Data segment:
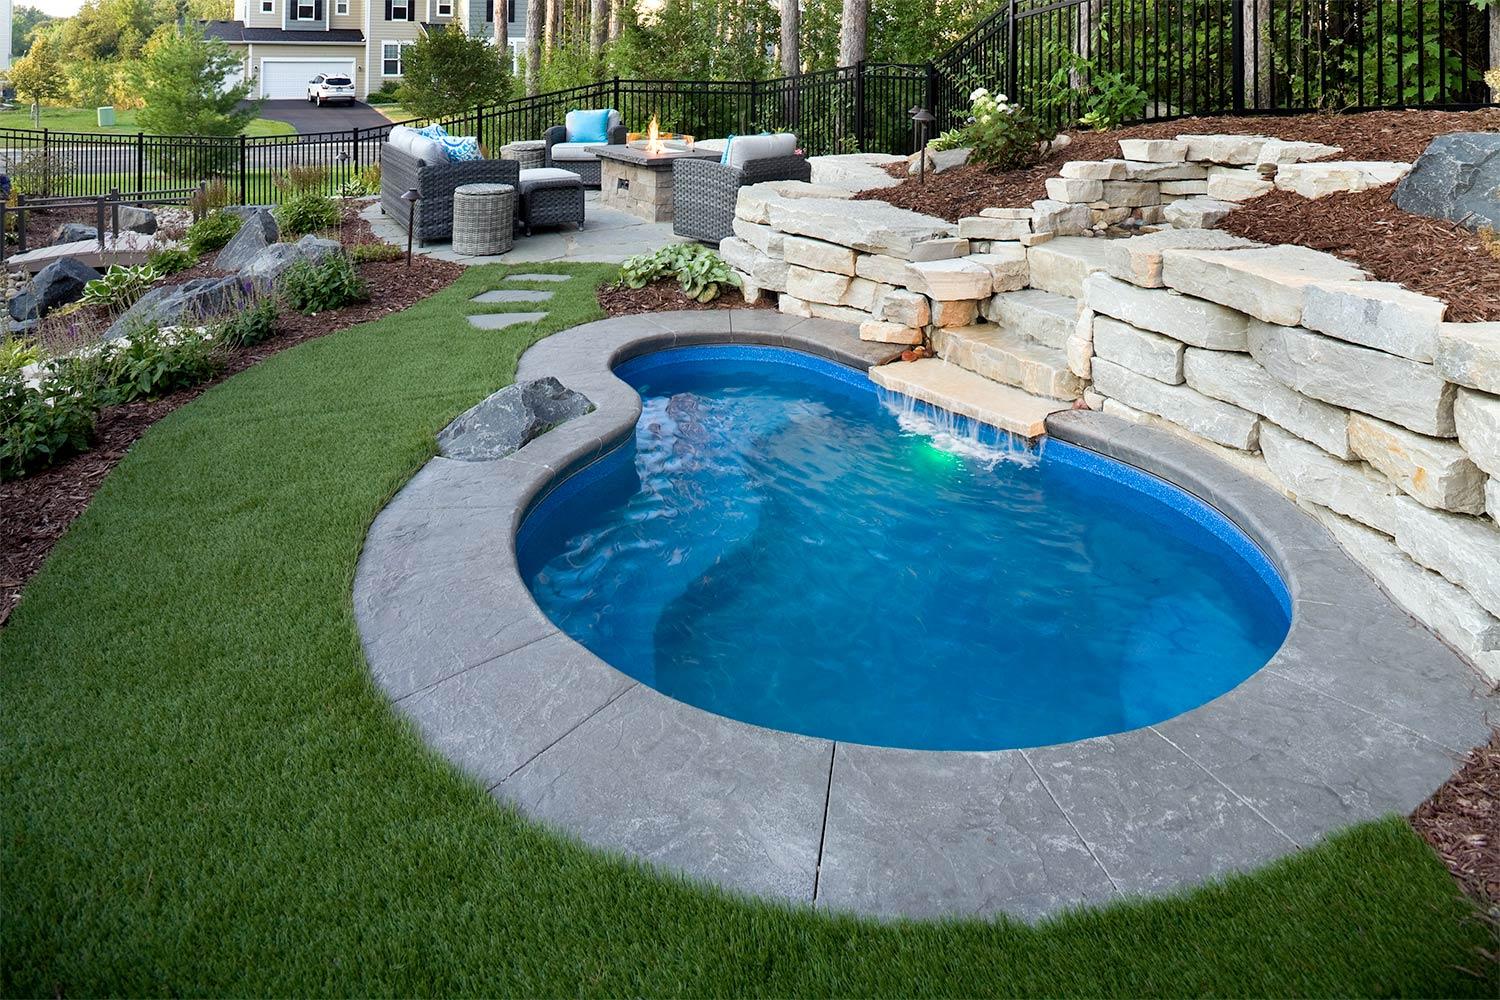 The size is another crucial factor to consider when you plan to buy a plunge pool. Measure the area where you plan to install it and make sure that the model you choose will fit comfortably within that space. You don't want to end up with a pool that's too large for your yard, or too small to meet your needs. 
Another important consideration is how you plan to use it. If you’re planning to swim laps, you'll need a model that's long enough to accommodate your strokes. If you're more interested in a pool that will provide outdoor fun for your little ones and yourself, you might need a smaller size. 
Keep in mind that the size will also impact the cost. Larger models will typically be more expensive, both in terms of the initial purchase price and ongoing maintenance costs. 

Problem to work on:
Omit the pictures and reproduce the remaining material above exactly.

Solution to the problem:
 The size is another crucial factor to consider when you plan to buy a plunge pool. Measure the area where you plan to install it and make sure that the model you choose will fit comfortably within that space. You don't want to end up with a pool that's too large for your yard, or too small to meet your needs. 
Another important consideration is how you plan to use it. If you’re planning to swim laps, you'll need a model that's long enough to accommodate your strokes. If you're more interested in a pool that will provide outdoor fun for your little ones and yourself, you might need a smaller size. 
Keep in mind that the size will also impact the cost. Larger models will typically be more expensive, both in terms of the initial purchase price and ongoing maintenance costs. 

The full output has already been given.